John Rosemond, MA, psychologist
Author, New Parent Power!

"I've heard from many parents who claim that the recommendations put forth in Babywise resulted in babies who slept through the night, or most of it, by age 2 months. That's fine and good, but I am convinced there are more benevolent means of accomplishing this than ignoring a crying baby that has been fed and put to bed. If periodic reassurances (which I've recommended since 1978) mean the child doesn't sleep through the night until 4-6 months of age, so be it. A secure baby is more important than one who sleeps the night at 2 months. "

Rosemond, John, "Ezzo Parenting Can Be Dangerous", syndicated newspaper column, Dec 7, 2000

 

Barbara Francis, Ph. D., MFCC

"My first exposure to [the Ezzos' parenting materials] came through clinical experience. A "rebellious and disobedient" 3-year-old was receiving constant corporal punishment for behaviors that were healthy and appropriate for a preschooler. In another case, a young mother expressed pride for allowing her 3-month-old infant to cry for 45 minutes.
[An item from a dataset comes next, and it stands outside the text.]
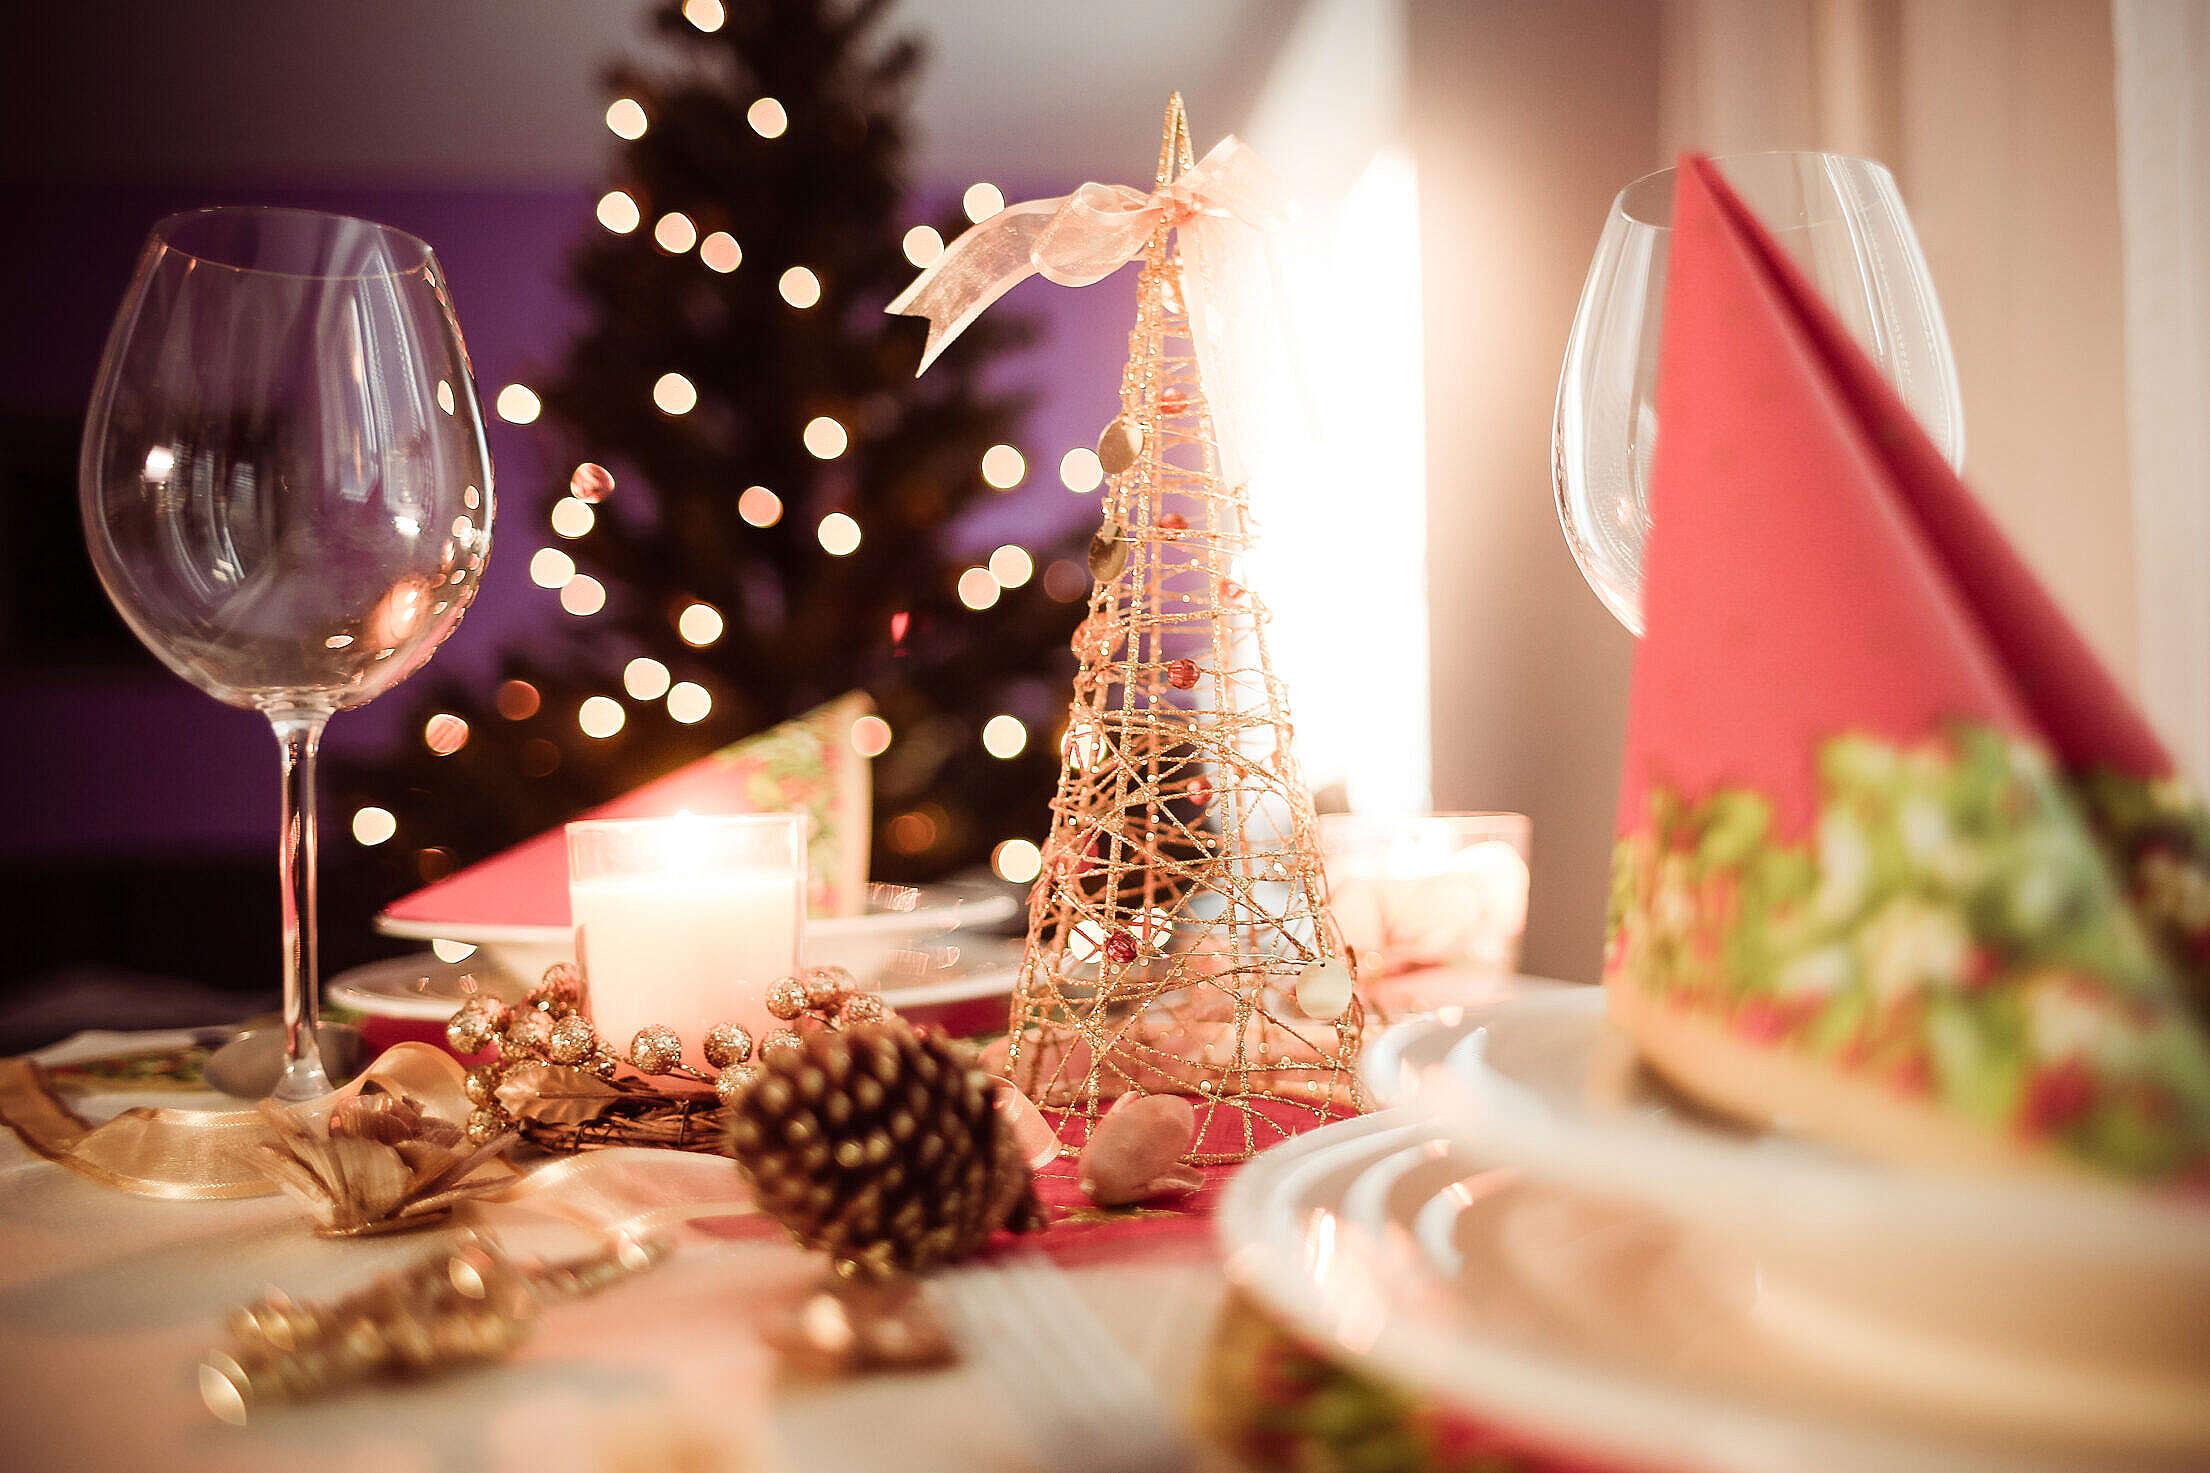 Soft Christmas Table Setting Free Stock Photo

In yet another, a pastor heard verbal chastisement by one parent toward teh other for her lack of spirituality for demand-feeding her infant....Concern led to a personal examination of the material; I was struck by the legalistic tone and lack of concern for developmentally appropriate psychological growth and health....Newborns are to be taught self-discipline by learning they are not the center of the universe. This is done primarily through exclusively parent scheduled feedings and sleep times."